Although there is no 'gold standard' or criteria with which to evaluate the quality of a clinical dental teacher, a global rating of the clinical teacher from 'very poor to very good' was used to test the criterion validity of the ECDT scale, and was strongly associated with overall ECDT scores and individual domain scores demonstrating good criterion validity (Table 3). Construct validity was assessed based on the hypothesis that students' ratings of individual clinical dental teachers would be similar and when mean directional difference of ECDT scores between two random allocated groups of students was assessed the difference was minimal and not significantly different from zero. Furthermore, evidence of a systemic difference in ECDT scores between the student groups was minimal or small at less than 0.3, as the literature suggests.10 These findings support the construct validity of the measure.

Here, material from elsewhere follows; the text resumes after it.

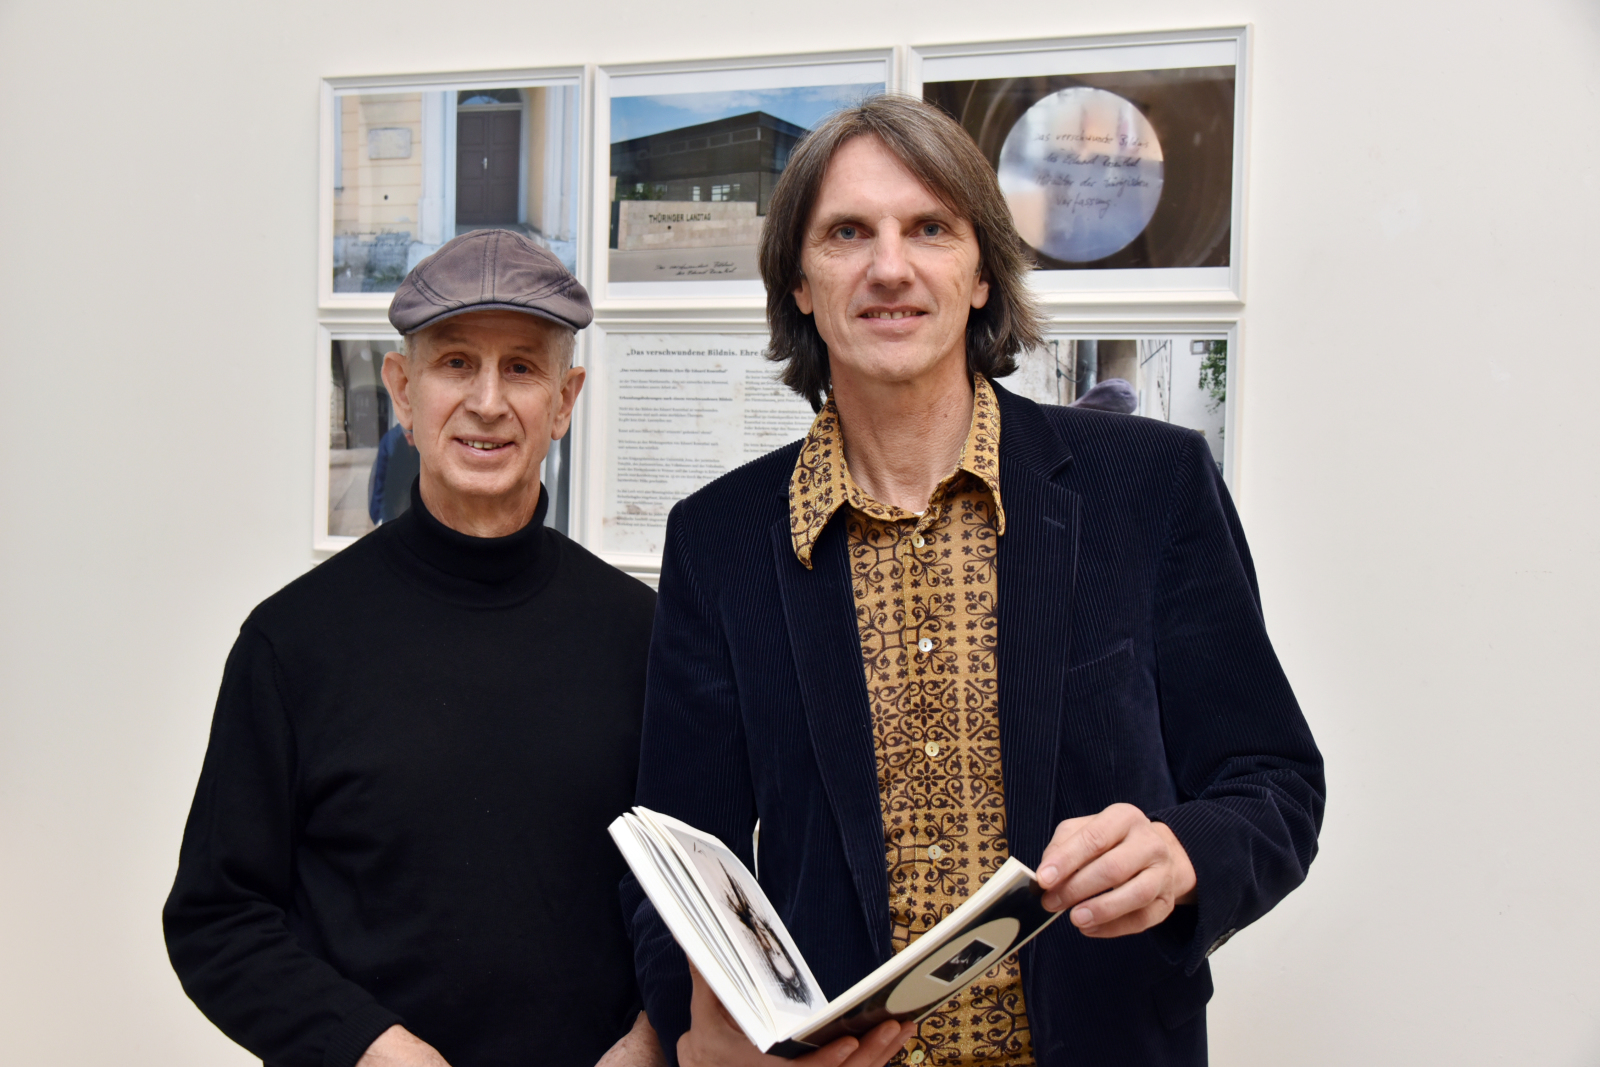 Horst Hoheisel und Andreas Knitz stehen vor einer Wand an der gerahmte Bilder angebracht sind. Der rechts stehende Andreas Knitz hält ein Buch in er Hand. Beide schauen in die Kamera.

Internal reliability assesses the internal consistency of a questionnaire or scale as it examines the extent to which a number of items assessing the same underlying concept are actually doing so, by measuring the mean correlation between items within domains (sub scales) and overall. In this respect, the data demonstrated strong internal reliability with Cronbach alpha values of > 0.80 in all domains. Various arbitrary levels of internal reliability are considered acceptable but most suggest internal consistency of above 0.69 to be appropriate.10

In conclusion, a valid and reliable measure to evaluate clinical dental teachers has been developed and under psychometric testing demonstrated acceptable construct and criterion validity, as well as strong internal reliability. An evaluation of the usefulness and performance of this instrument would be valuable to guide administrators, dental faculty and consumers of dental education.